Огромное красное солнце взошло над морем. Фелюга, подставив -борт волне, плавно поднимается и опускается. Мо-гуну подтянули к борту флагмана с подветренной стороны, и трое рыбаков (и мы тоже) прыгнули в нее. Приблизились к хаотическому на первый взгляд переплетению тросов. В тихую погоду лодка легко проскальзывает под ними к центру невода, к торбе. Но сейчас... море и ветер злятся, норовят отнести лодку от невода.

Трос оказывается где-то над головой, того и гляди зацепит.

— Берегись!

Улучив минуту, рыбаки в брезентовых рукавицах хватают трос и втягивают лодку. Все глубже и глубже — мимо шестов и проводов. Лица багровеют, хриплым становится дыхание. «Взяли!», «Еще возьмись!»

Наконец подходим к торбе, начинаем вытаскивать сеть. Метр за метром. И уже по какому-то особому дрожанию сети, по ее «живой», трепетной тяжести чувствуешь: там рыба, она бьется, стремится вырваться из ловушки. Даже бывалые рыбаки, привыкшие ко всему, не скрывают волнения. Труд, будничный, движения мышц автоматические, но извечный азарт охотника — он присущ рыбакам всегда и везде.

Первый двухпудовый осетр бьется в сети. Его ловко выбирают, бросают на дно. Рыбаки отодвигаются, опасаясь ударов могучего хвоста. Еще один осетр и потом десятки, сотни жирных глосов, бычков... Все это бьется, шевелится — вмиг борта покрываются слоем чешуи. Чешуя на лицах, руках, одежде. Серебристая сельдь переливается радужной голубизной, играет перламутром кефаль, тяжело ползают большие ленивые крабы. Какое богатство красок и оттенков! А через минуту исчезла радуга — все словно пеплом подернулось.
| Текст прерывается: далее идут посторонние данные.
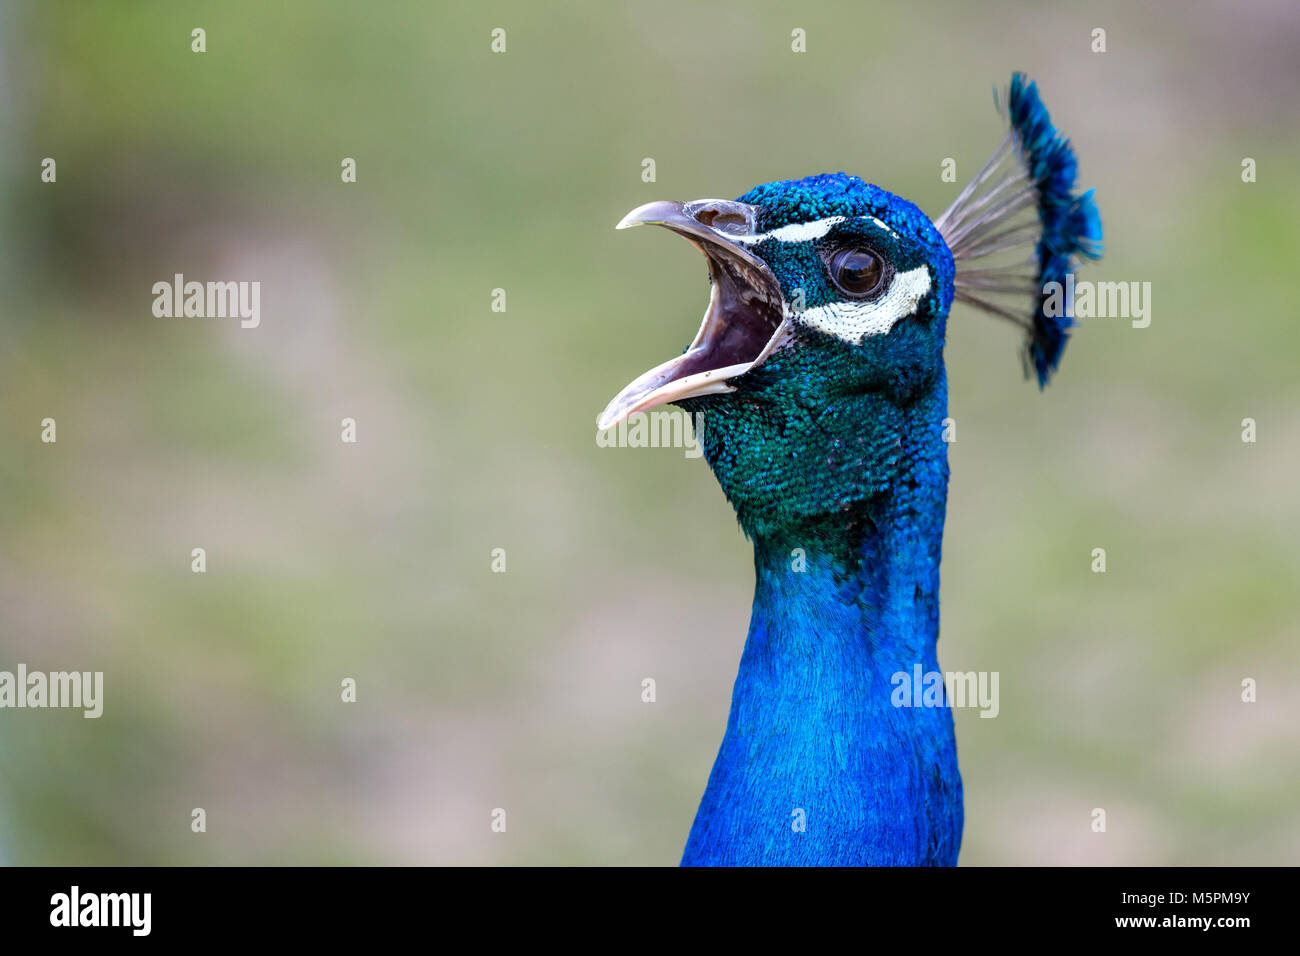 Peacock portrait Stock Photo

— Фима! 21 — поверхность, 114 — дно, температура во- ' ды — 22,2!

Валя осталась на флагмане и сообщает подруге свои измерения. А та заносит их в днев

ник, в который записала уже породы рыб, попавших в торбу.
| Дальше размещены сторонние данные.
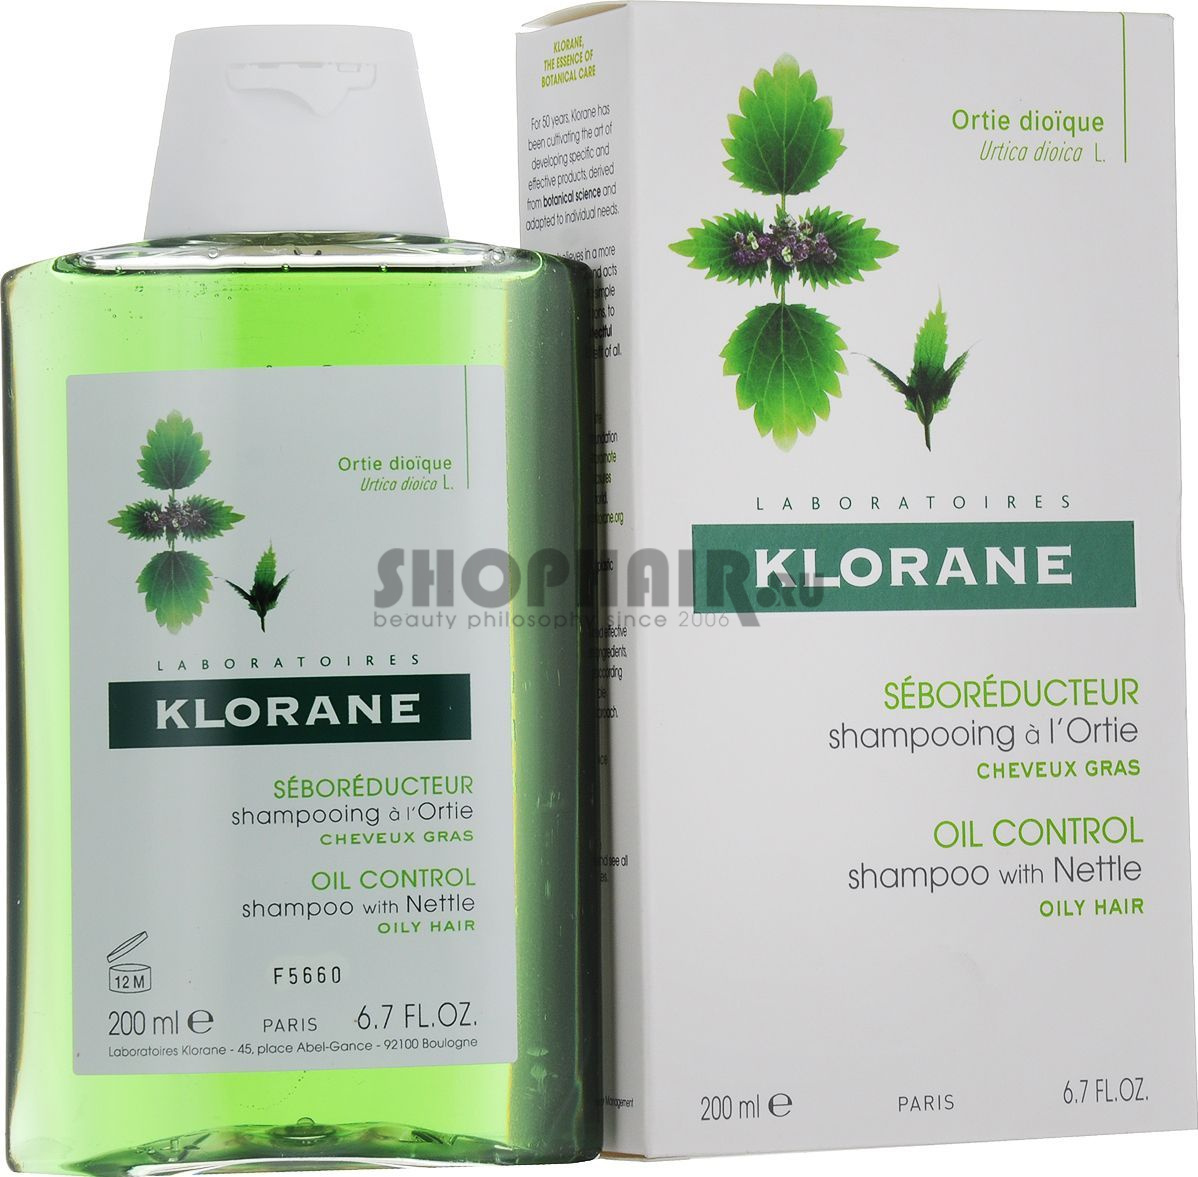 Klorane - Шампунь с органическим экстрактом крапивы 200 мл Klorane (Франция) купить по цене 725 руб.

— Вот и наука с уловом, — говорит бригадир.

...Возвращаемся. Ветер стих, мотор стучит ритмично, без «придыханий». Солнце светит нам вслед и освещает широкое водное пространство. Входим в дельту. Кругом плавни, плавни. Плоская зеленая равнина, куда ни бросишь взгляд — человеку, привыкшему к земле холмистой, неровной, не на чем задержать внимание — все однотонно, придавлено к земле и воде. Тростник, тростник, сотни километров шелестящего тростника, словно зеленая пустыня.

Зеленое богатство плавней. Если рыба первая, главная профессия Вилкова, тростник — вторая. Вместе они определяют облик дунайских плавней. Раньше из тростника дома строили, печи им топили, теперь тростник — промышленное сырье. Много тростниковой «каши» потребуется котлам будущего целлюлозного комбината в Измаиле. Спрос на тростник увеличился. Совсем недавно гидробиологическая станция, где работают Фима и Валя, была единственным научным учреждением Вилкова. Теперь там создана агробиологическая тростниковая станция. Ученые изучают пути повышения урожайности зеленого сырья, ведут борьбу с сорняками, заботятся о том, чтобы было меньше потерь при механизированной уборке.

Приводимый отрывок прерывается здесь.